Gerak-gerik dan langkah Rini membuatnya kembali berpikir cerdas. Saat ini dia mengaku tengah memutar otak untuk lebih mengembangkan sepatu rajut. Dia mengatakan dirinya juga bakal banyak merekrut ibu-ibu rumah tangga di kawasan sentra rajut Binong Jati Bandung untuk berkreasi.

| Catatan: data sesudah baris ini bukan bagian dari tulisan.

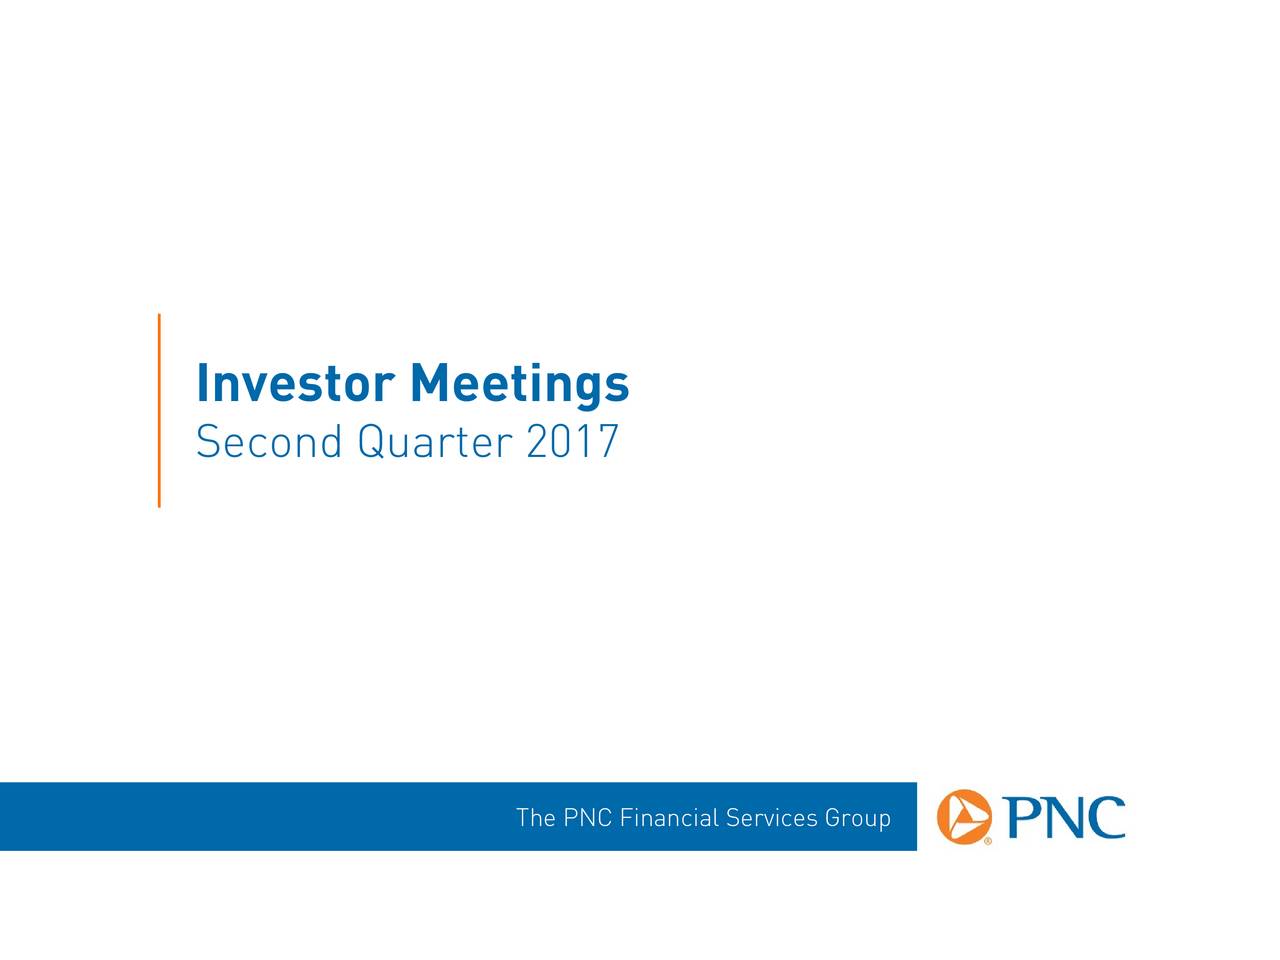 Second Quarter 2017 The PNC Financial Services Group

“Saya orangnya tidak bisa diam. Saat saya jalan-jalan ke sentra rajut Binong Jati, mendadak pikiran saya mengarah ke sepatu rajut. Dan setelah dicoba ternyata banyak orang yang tertarik,” katanya. Tidak hanya sepatu, Rini juga ke depannya bakal membuat produk terbaru yakni tas wanita dari bahan tenun Bali. Dia mengaku tengah mencari mitra yang bisa diajak kerjasama.

Sumber : jpmi.or.id

1 komentar:

  1. Dapatkan pinjaman dana paling tinggi hanya dengan gadai bpkb mobil, proses pencairan cepat serta suku bunga rendah dan pembiayaan kredit mobil bekas dp murah untuk seluruh wilayah di Indonesia.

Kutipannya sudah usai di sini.